So, we don't know which is right.  It would really help to know what
the instruction at gosortx:16D is, or even how many single-steps
into gosortx it is...

Regards, hve.

========
Newsgroups: comp.databases.pick
Subject: Re: Who's right?
From: dauphin@aztec.co.za (Bob Dubery)
Date: Wed, 28 Feb 1996 21:06:39 GMT

heggers@netcom.com (Henry Eggers) wrote:

>Meanwhile, I don't know that anyone ever figured out what the mechanism of
>the creation of two items of the same item-id was;  but I've not seen
>it in a long time...
Off the top of my head, after a tough day, what if a record from a
group spanning multiple frames is read? If this record was in the
first frame and the record was updated then it would be appended to
the end of the last frame in the group. Now the machine crashes before
all the frames have been flushed to disk - two frames in the same
group could contain records with the same key.

>:          The TCL commands on my Ultimate machine are:
>:
>:          1. >CREATE-FILE TEMP 1,1 301,1      [or appropriate size]
>:
>:          2. >COPY filename * (I              [to suppress ItemID's]
>:              to:(TEMP

>:          3. >CLEAR-FILE DATA filename

>:          4. >COPY TEMP *
>:              to:(filename

>:          5. >DELETE-FILE TEMP
As Henry pointed out, if a situation of duplicate item-ids (in itself
a type of GFE) occurs then succesive updates of that record will in
fact alternately update the two records with the duplicated ID as the
record may be read from anywhere in the group but will always be
written to the end of the group. You may need to isloate the records
with the duplicated key first and reconcile the data in those two so
as to incorporate all the updates in to one record. Merely copying
backwards and forwards WILL remove one of the records but may also
remove some data that you'd rather retain.

Bob Dubery
Johannesburg
South Africa


========
Newsgroups: comp.databases.pick
Subject: Re: Who's right?
From: heggers@netcom.com (Henry Eggers)
Date: Sun, 3 Mar 1996 17:54:22 GMT

Bob Dubery (dauphin@aztec.co.za) wrote:
: heggers@netcom.com (Henry Eggers) wrote:

: >Meanwhile, I don't know that anyone ever figured out what the mechanism of
: >the creation of two items of the same item-id was;  but I've not seen
: >it in a long time...

: Off the top of my head, after a tough day, what if a record from a
: group spanning multiple frames is read? If this record was in the
: first frame and the record was updated then it would be appended to
: the end of the last frame in the group. Now the machine crashes before
: all the frames have been flushed to disk - two frames in the same
: group could contain records with the same key.

Unlikely, but...

The 'conventional' method of 'copying' an item onto the end is to start
at the 'existing' copy in the group and copy the succeeding item 'to the
left' over it, and its successor, and its successor, u mak galue (and
so on), until the end is reached, and then to copy the new version
onto the end, with the wite wequied (ww) flag transferred to the
FID table page control byte when the destination register leaves each
frame.  ['Write required' was apparantly passed through an Elmer Fudd
filter at some point in the distant past.]  In this case, it would be
difficult to have the first-updated frames remain in memory, and the
New instance of the item be successfully written to disk.

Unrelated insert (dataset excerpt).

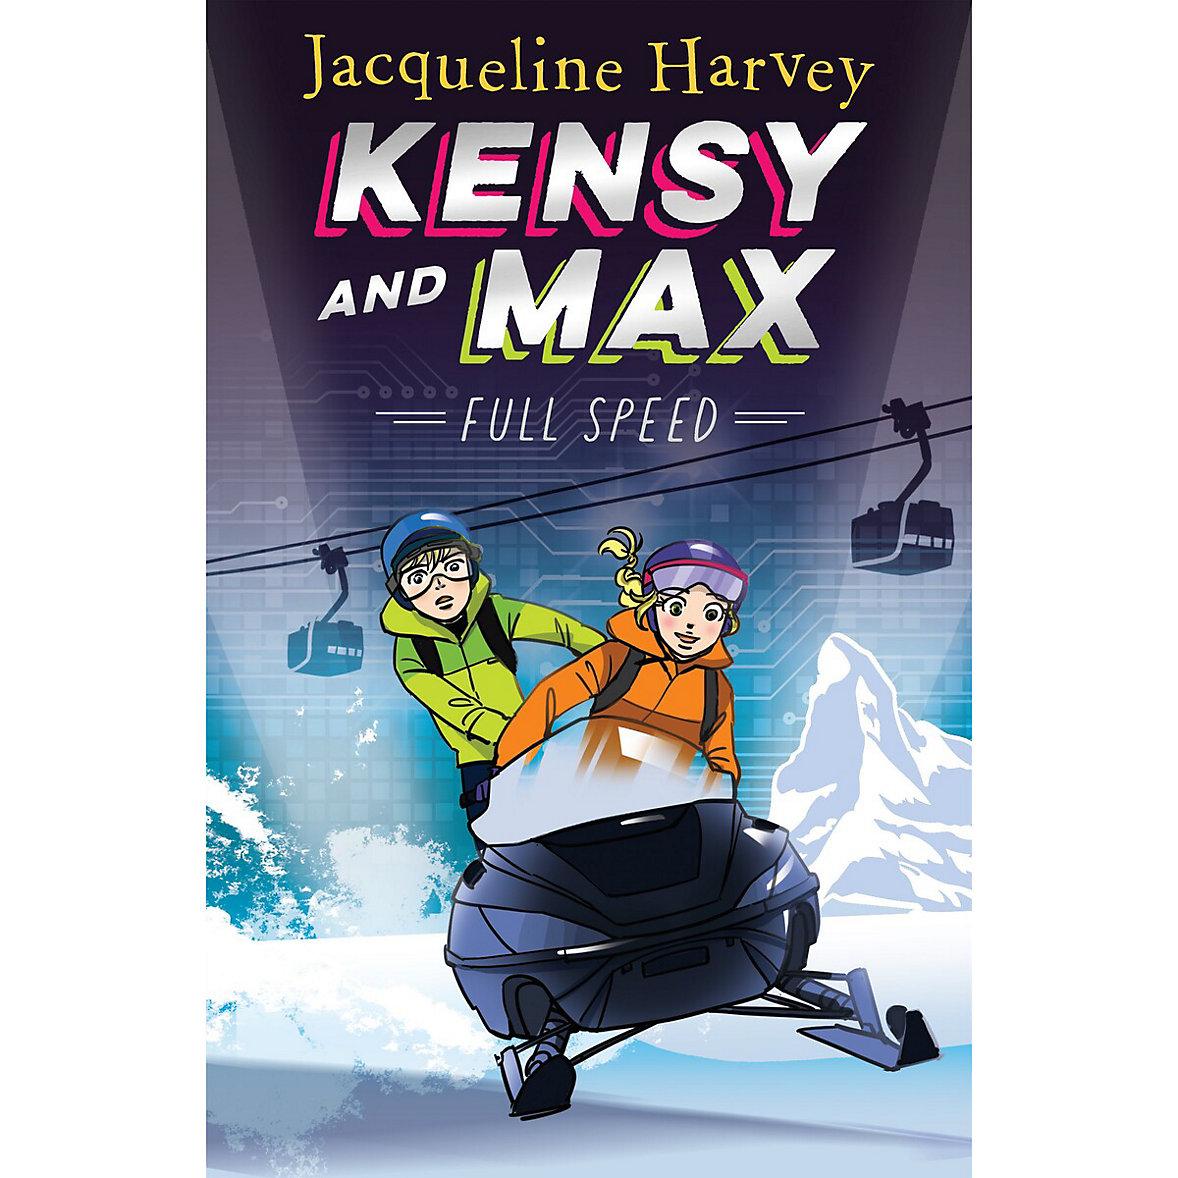 Kensy and Max - Jacqueline Harvey

Particularly because at least the frame preceeding the new instance,
or containing the beginning of the new instance, would have to have
been written to disk, because at least the EOG AM or SM, depending
on vintage, would have to have been overwritten by the first byte
of the 'count field' or 'item control field' (block, if one prefers,
or I suppose 'bloc' if one is political) in order to have the read
scan pass to the new instance.  But that requires that the previous
item's count field point there.  But, by definition, the previous
item has been not copied to the left, so that the count filed must point
to the right of the beginning of the 'new instance', by induction.
Therefore, this method might work if the previous two items were the
same size, so that the prior penultimate item's count field points
at the right end of the ultimate item.  This would at least cause
the previously last updated item in the group to disappear.  Looking
for things which aren't there is harder.

Now, in the old LRU algorithm, I think that it is canonically impossible
for a later-updated frame to be written than a previously updated frame;
but in the clock algorithm and its variants, which arise with uProcessor
implements, I expect that a scenario can be educed which flushes the
latter updated two frames, and none of the at least one more prior
frames.  On the one hand, I wouldn't want to assign a probility to
the the event, but on the other, I suspect that it isn't _that_ low.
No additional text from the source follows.